Quem
mergulha nos pensamentos, nas angústias e na história de vida da guerreira
negra Beatriz Nascimento, que deu a vida em defesa do respeito à dignidade
feminina, nunca mais se sentirá como era antes. Uma história que se inicia em
Aracaju, e prossegue, em 1945, quando Beatriz tinha três anos, assim como na
canção de Dorival Caymmi: "peguei o
Ita no norte pra vir pro Rio morar...". Foi exatamente nesse famoso
navio de retirantes que embarcaram o pedreiro Francisco Xavier Nascimento, a
dona de casa Rubina Pereira Nascimento e seus 11 filhos, na década de 50, para
desembarcar em meio às imensas dificuldades de uma cidade em ebulição
político-social, carente de infraestrutura, que já não comportava sua população
negra pobre imigrante.
Nesse
universo e realidade foram forjadas tanto a personalidade quanto as reflexões
que se constituem no pensamento vivo dessa intelectual que iniciou sua
graduação em História, na Universidade Federal do Rio de Janeiro (UFRJ), aos 28
anos. A quantidade de horas-aula, em escolas da rede pública de ensino que
precisava cumprir, para garantir a própria sobrevivência, jamais foi desculpa
para Beatriz Nascimento não prosseguir sua dedicação à pesquisa sobre questões
relacionadas com a história e a cultura afro-brasileiras.
Militância, debates, negritude
A
opressão da ditadura, marcadamente após 1968, com o Ato Institucional número 5,
produziu nos movimentos sociais da época o efeito de uma mola: quanto maior a
compressão, maior o impulso da reação. Desta forma, o movimento negro e o
estudantil, principalmente nos grandes centros urbanos, reagiram tanto com
manifestações e reivindicações quanto com a busca de aprofundamento na busca de
conhecimentos sobre as questões de seu interesse. Na Universidade Federal Fluminense
(UFF), em 1974, onde posteriormente fez sua pós-graduação, Beatriz liderou a
criação do Grupo de Trabalho André Rebouças e, por meio dele, conectava-se com
pesquisadores negros e brancos que produziam saberes no país e fora dele. Ao
mesmo tempo, compartilhava suas reflexões com os demais por meio de
conferências e debates, como os que ocorriam, anualmente, nas Semanas de
Estudos sobre a Contribuição do Negro na Formação Social Brasileira. O GT André
Rebouças publicou três edições de um caderno que documentam esses eventos.
Só
se é capaz de combater com eficácia o que se conhece bem. Era para enfrentar o
racismo que Beatriz Nascimento se dedicava tão intensamente aos estudos.
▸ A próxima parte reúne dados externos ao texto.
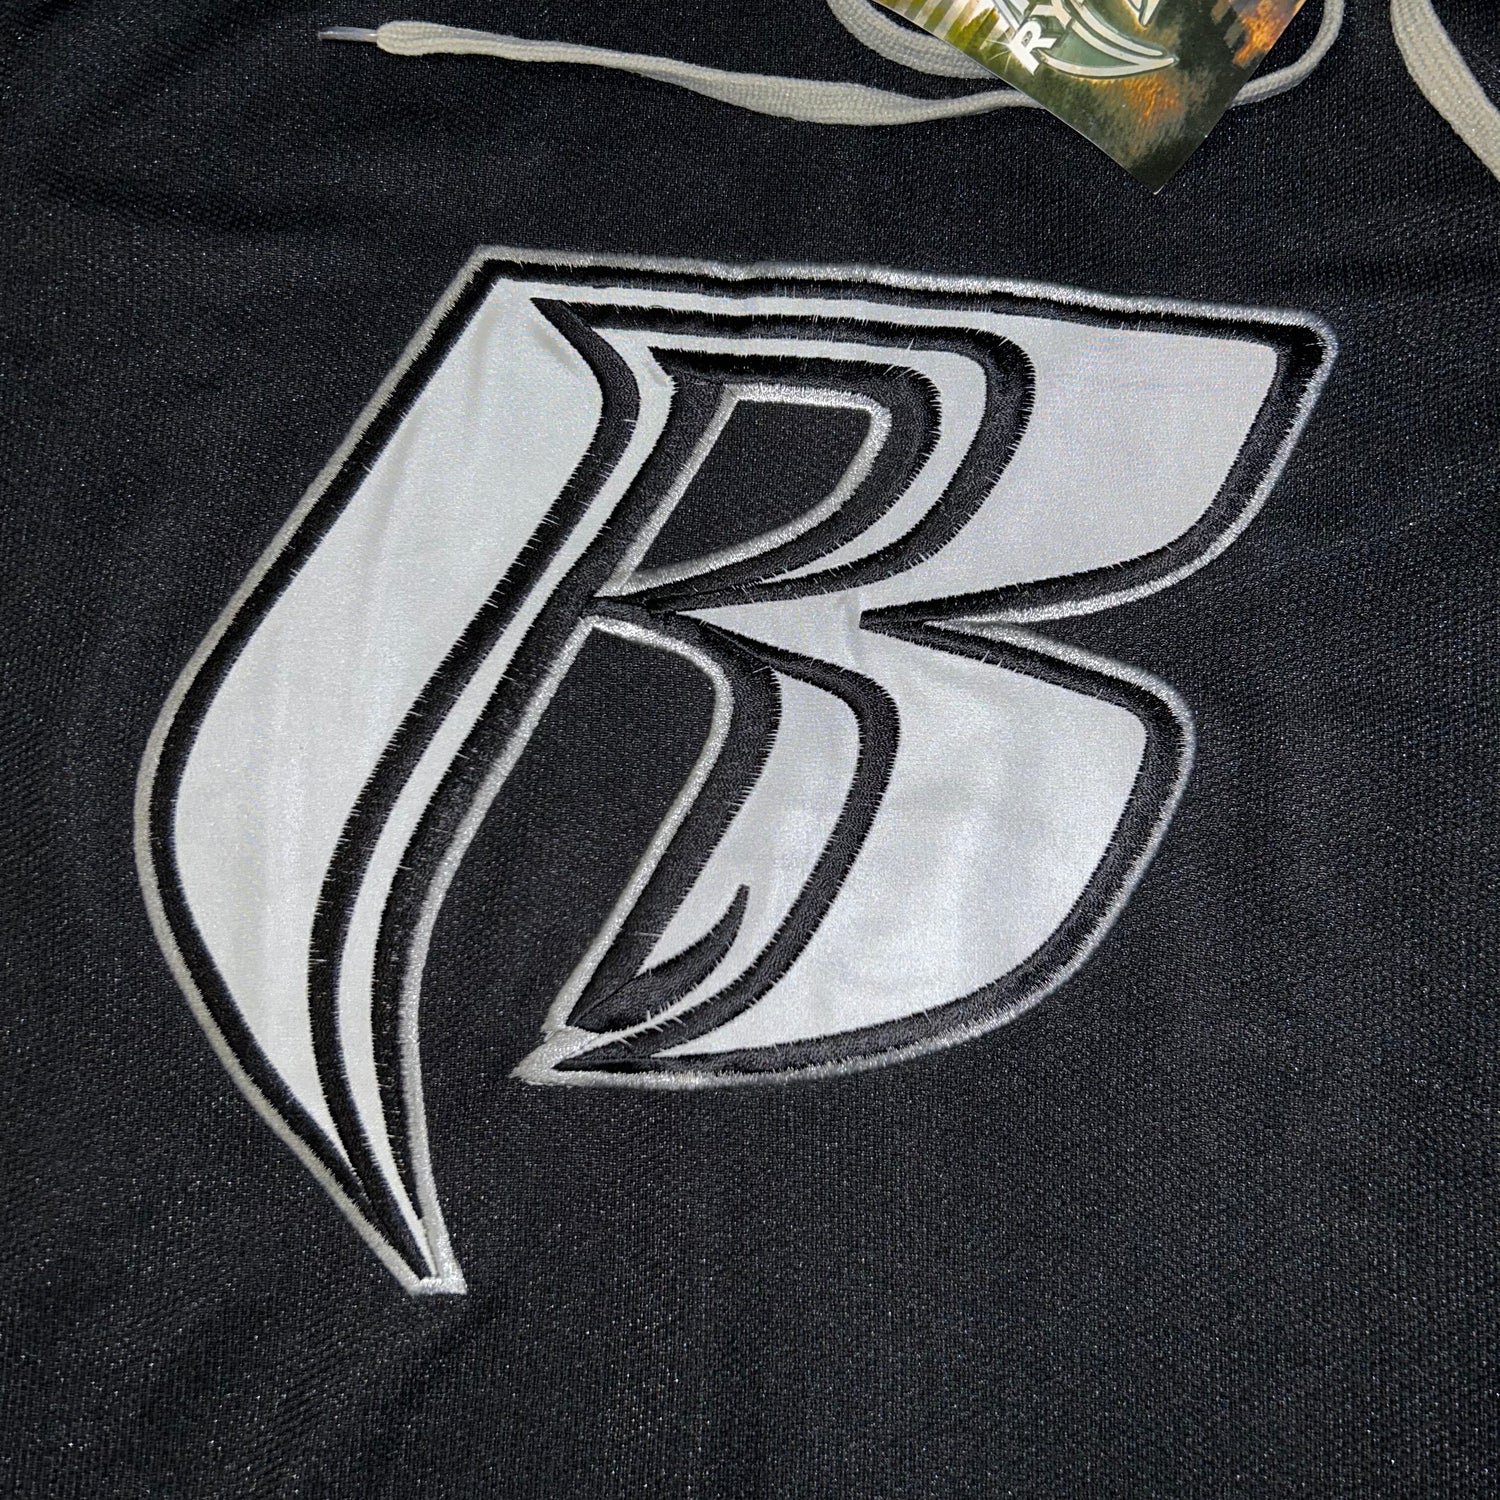 Jersey Ruff Ryders Vintage  (S)

Muitos
de seus artigos publicados, entrevistas, conferências, explanações e debates,
em seminários e entre as militâncias, abordam a correlação entre a corporeidade
negra e seus espaços permanentes - como quilombos e outros dedicados à
religiosidade de matriz africana - ou transitórios, como os bailes black, os
clubes sociais negros e as escolas de samba.
Suas
palavras-chave são "transmigração" - sobre os
deslocamentos dos africanos e afrodescendentes, ao longo do tempo, por exemplo,
da senzala para o quilombo, do campo para a cidade, do Nordeste para o Sudeste
- e "transatlanticidade" - decorrente da diáspora africana que
recria a cultura negra na relação intercontinental -. Daí a expressão que deu
origem ao título da obra do antropólogo Alex Rattz, da Universidade Federal de
Goiás, Eu sou Atlântica - sobre a trajetória de vida de Beatriz Nascimento,
publicada pela Imprensa Oficial do Estado de São Paulo, em parceria com o
Instituto Kuanza, em 2007.
Beatriz também se
valeu da arma chamada palavra com a qual construiu poemas que desnudam sua alma
de mulher negra. Ela faz parte de uma história de mulheres que combateram
frontalmente o sexismo, o machismo e as violências domésticas. Pagou com a
própria vida a solidariedade de abrigar, em sua casa, uma amiga, vítima desse
tipo de violência. Era 28 de janeiro de 1995. O criminoso era um presidiário
beneficiado pelo indulto de Natal, que não retornou à prisão na data
determinada. Comenta-se que pertenceria ao esquadrão da morte, raiz das atuais
milícias que promovem o genocídio da juventude negra. Que falta nos faz Beatriz
Nascimento para enfrentar, de cabeça erguida, mais essa prática racista!